I shot all my rounds, making a pretty pattern on the target, but when I lowered my gun, I still needed to shoot something. That’s when I noticed the people lurking around me, staring at me like I was something to see.

“Nice shot,” a sandy-haired man with a plaid vest said, nodding at the target.

Oh. That’s what they were interested in. “Yeah. I guess I got lucky,” I said lamely, then headed for the window to get something bigger now that I was warmed up.

The rounds for the 365 magnum were more expensive, but the bullets were larger, ripped bigger holes in the target, and were much more satisfying. I shot my first bullet, checked to see that it was almost perfectly calibrated, and then enjoyed the rest of my rounds.

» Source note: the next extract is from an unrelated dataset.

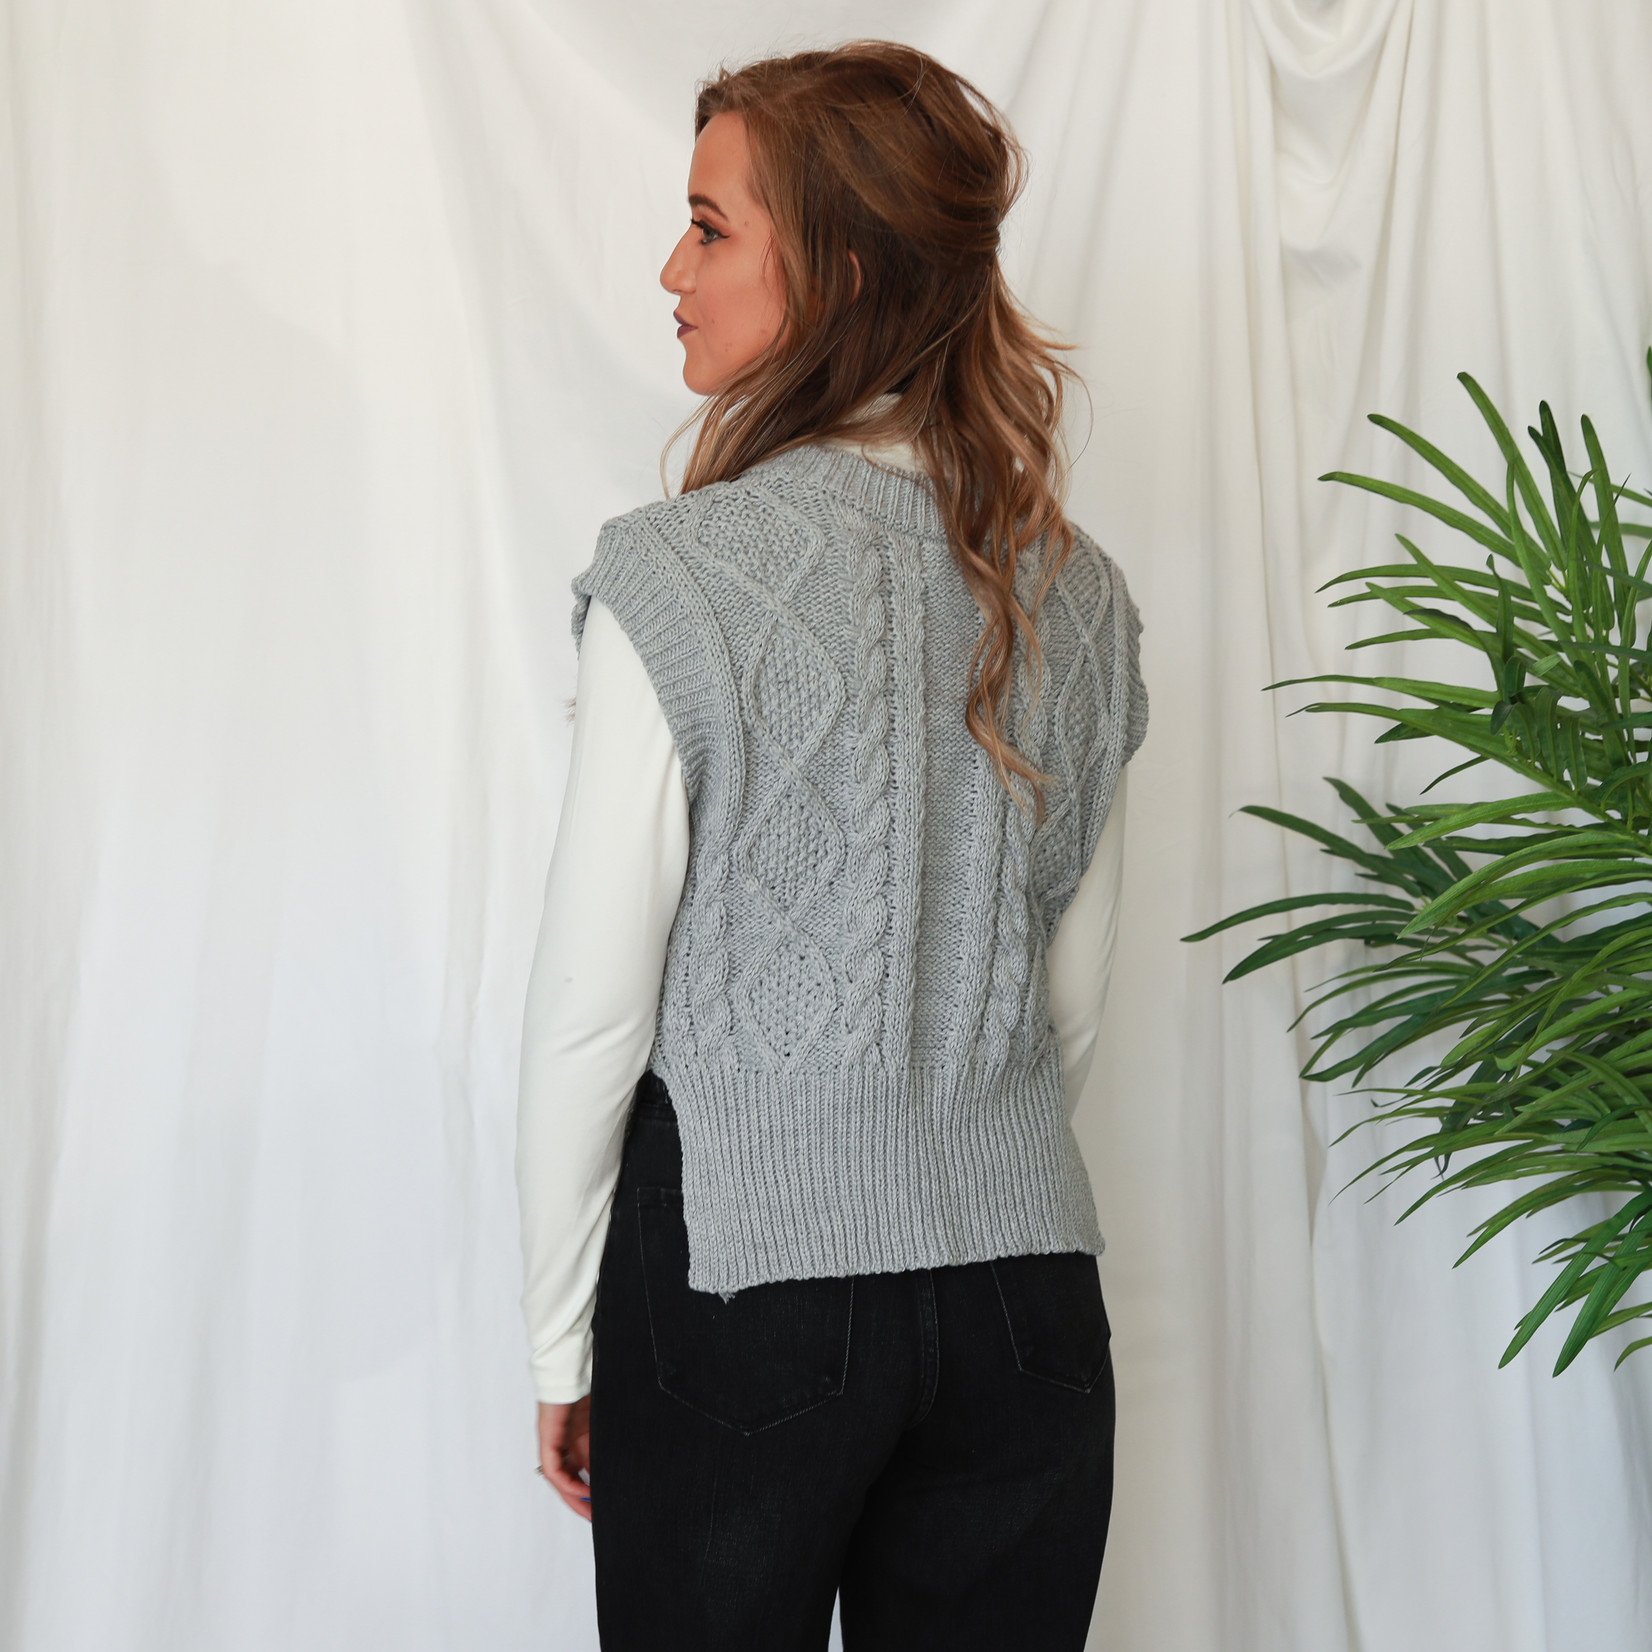 Tivia cable knit sweater vest

By the time I was finished with those bullets, there were quite a few more guys lingering, like this was the best show around.

“Your training is interesting,” the sandy guy said again. “You hit every major artery first, then focused on the smaller ones before demolishing the heart and brain. Do you prefer to make your targets bleed to death rather than kill them quickly?”

I’d shot so few actual people, but it was true, I aimed to wound rather than kill. It was Sissy’s biggest pet peeve with me. “If we’re talking about preferences, I prefer both. First you wound, then you kill after they’ve suffered.” Which wasn’t true at all, but demonic girls didn’t care about telling the truth.

I headed for the door while Bones kept closer to my back. “Several of them gave me your card, mentioning that they would pay top dollar for your skills,” he said quietly.

I stopped and looked at him, puzzled, then horrified. “You mean to shoot people?”

He nodded. “And you’ve been looking for a job.”

I stared at him for another moment before I grabbed his arm and leaned close. “I’m not going to kill people for money. Ever. If anyone else suggests that, you should refuse them. All right?”

He frowned. “But why else would you shoot so well?”

“Self-defense. That’s all. The few times I’ve shot people, it’s been life or death, their lives or mine and my companions. I still felt bad about it, even when it was necessary.”

He patted my head. “Miss Nova has a kind heart.”

I sniffed, because if my heart was so kind, I wouldn’t still be furious with my mother. I was still so angry, so I continued to the window.